DATA EXTRACTS:
◇ ◇ ◇ ◇ ◇

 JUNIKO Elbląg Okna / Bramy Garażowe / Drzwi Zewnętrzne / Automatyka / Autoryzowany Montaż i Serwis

◇ ◇ ◇ ◇ ◇

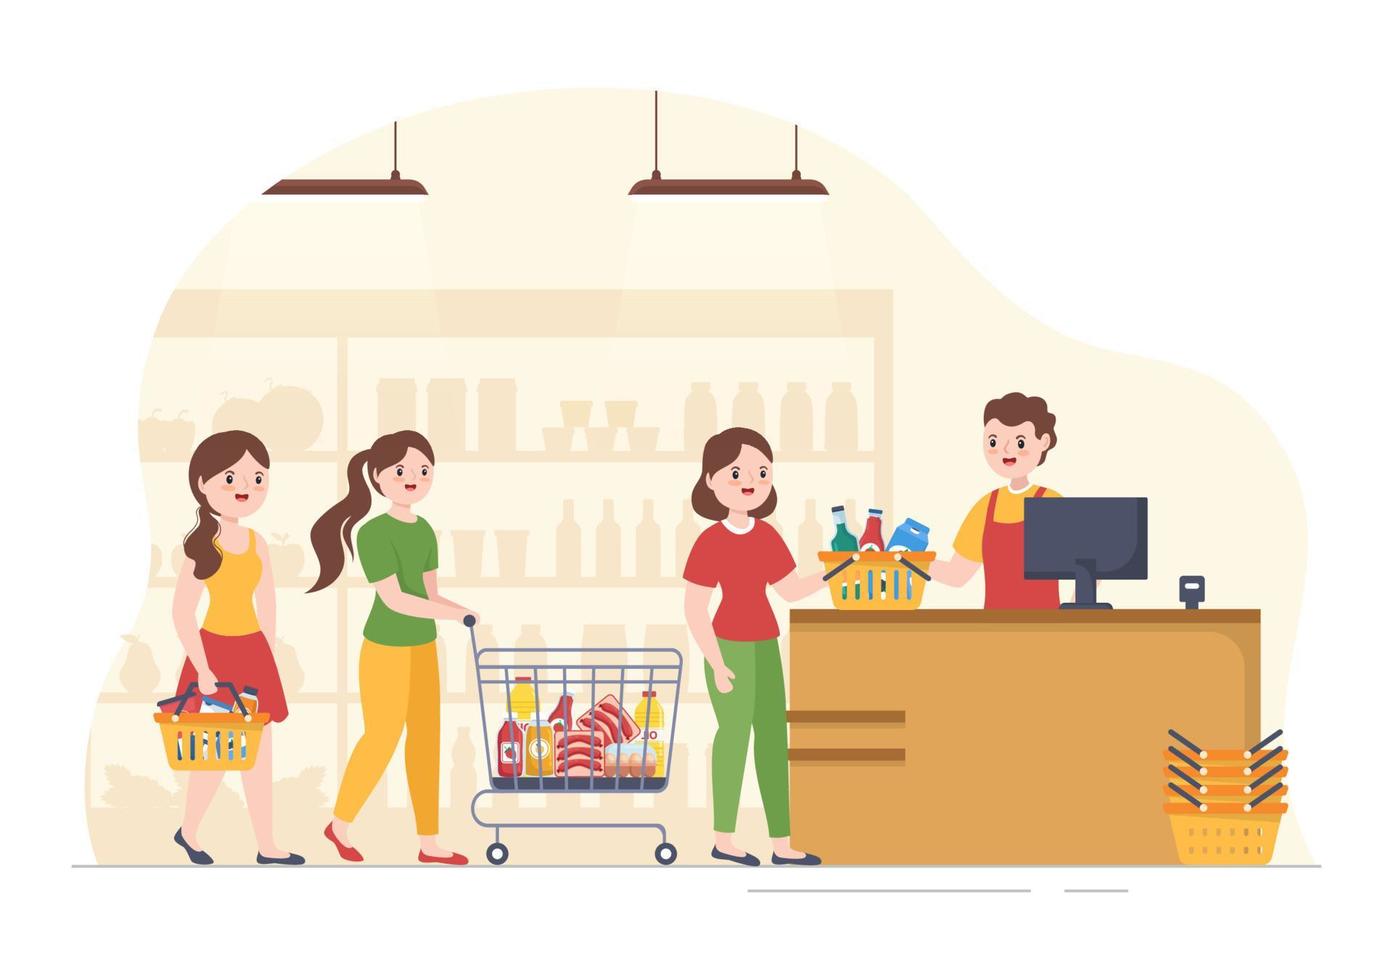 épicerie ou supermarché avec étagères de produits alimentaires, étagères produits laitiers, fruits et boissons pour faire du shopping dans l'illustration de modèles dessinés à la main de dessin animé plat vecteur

◇ ◇ ◇ ◇ ◇

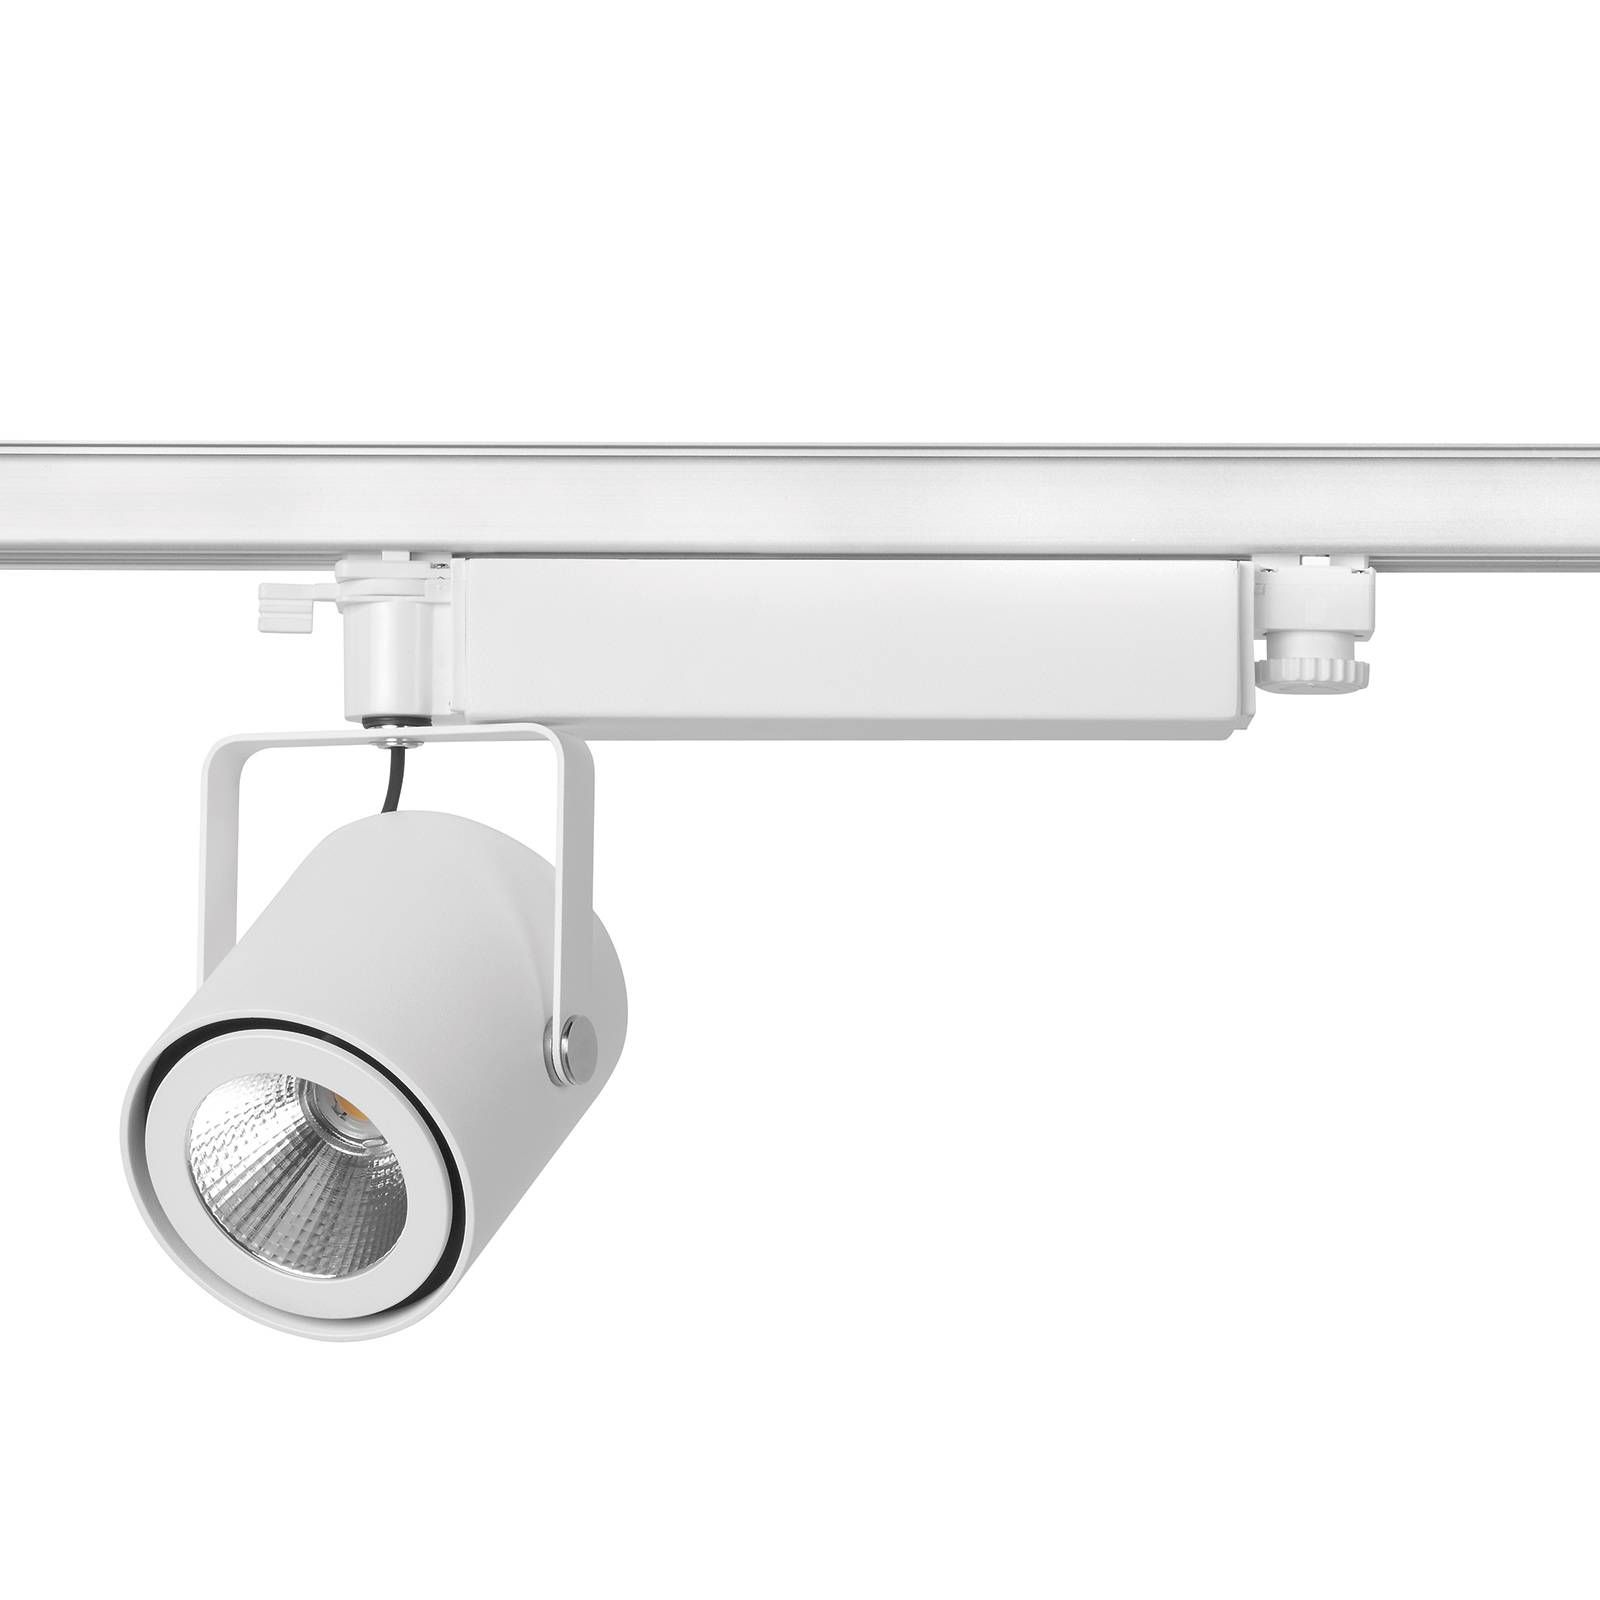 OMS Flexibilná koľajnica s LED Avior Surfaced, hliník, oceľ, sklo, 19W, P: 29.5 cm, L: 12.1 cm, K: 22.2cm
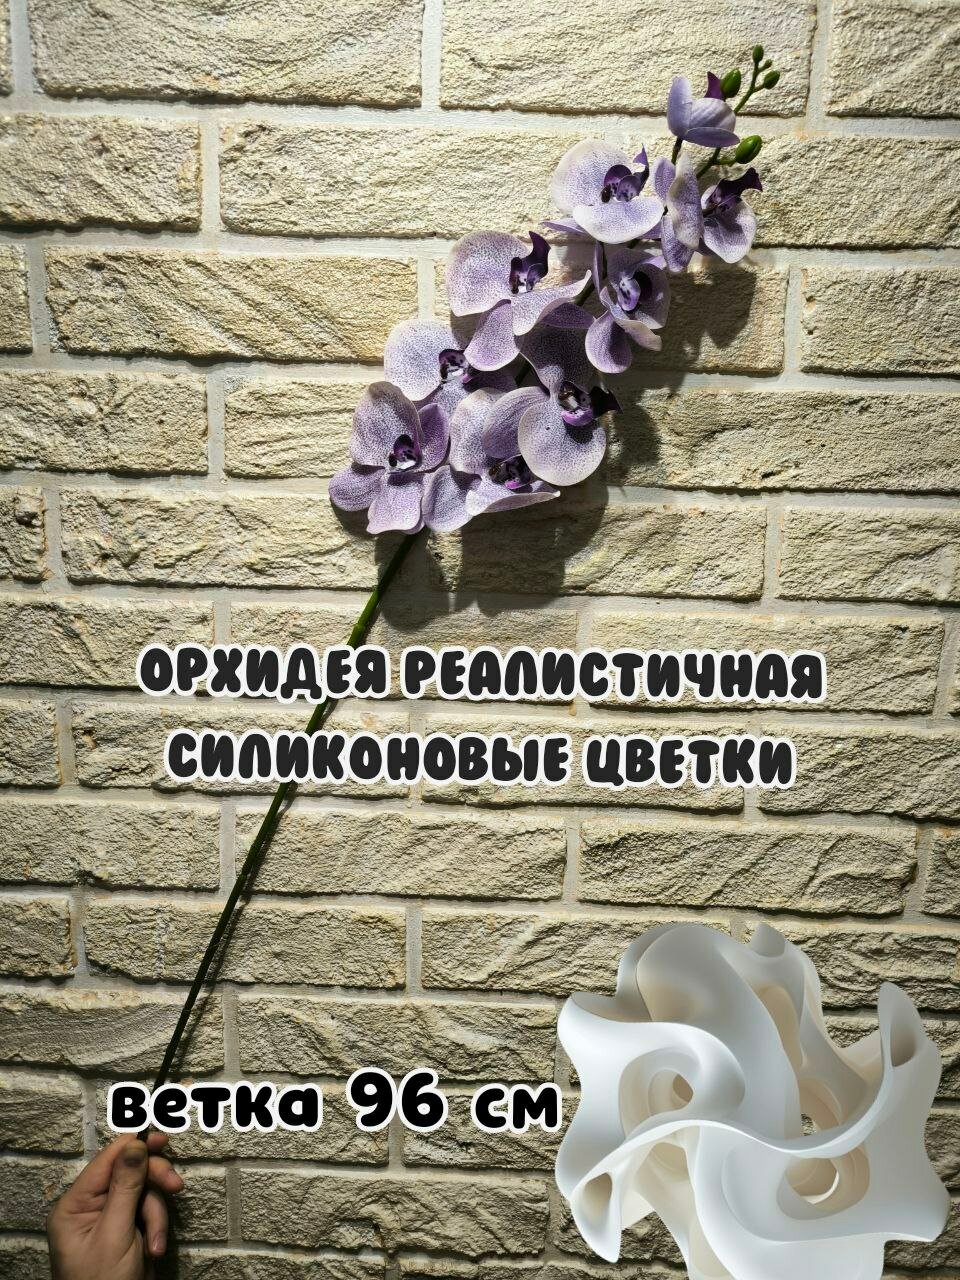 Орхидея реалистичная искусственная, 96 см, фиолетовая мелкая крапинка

◇ ◇ ◇ ◇ ◇

The material above holds pictures; leave them out. Repeat exactly the lines from the one containing "OMS Flexibilná koľajnica" through the one containing "Орхидея реалистичная искусственная, 96", and nothing else.

RESPONSE AREA:
 OMS Flexibilná koľajnica s LED Avior Surfaced, hliník, oceľ, sklo, 19W, P: 29.5 cm, L: 12.1 cm, K: 22.2cm
 Орхидея реалистичная искусственная, 96 см, фиолетовая мелкая крапинка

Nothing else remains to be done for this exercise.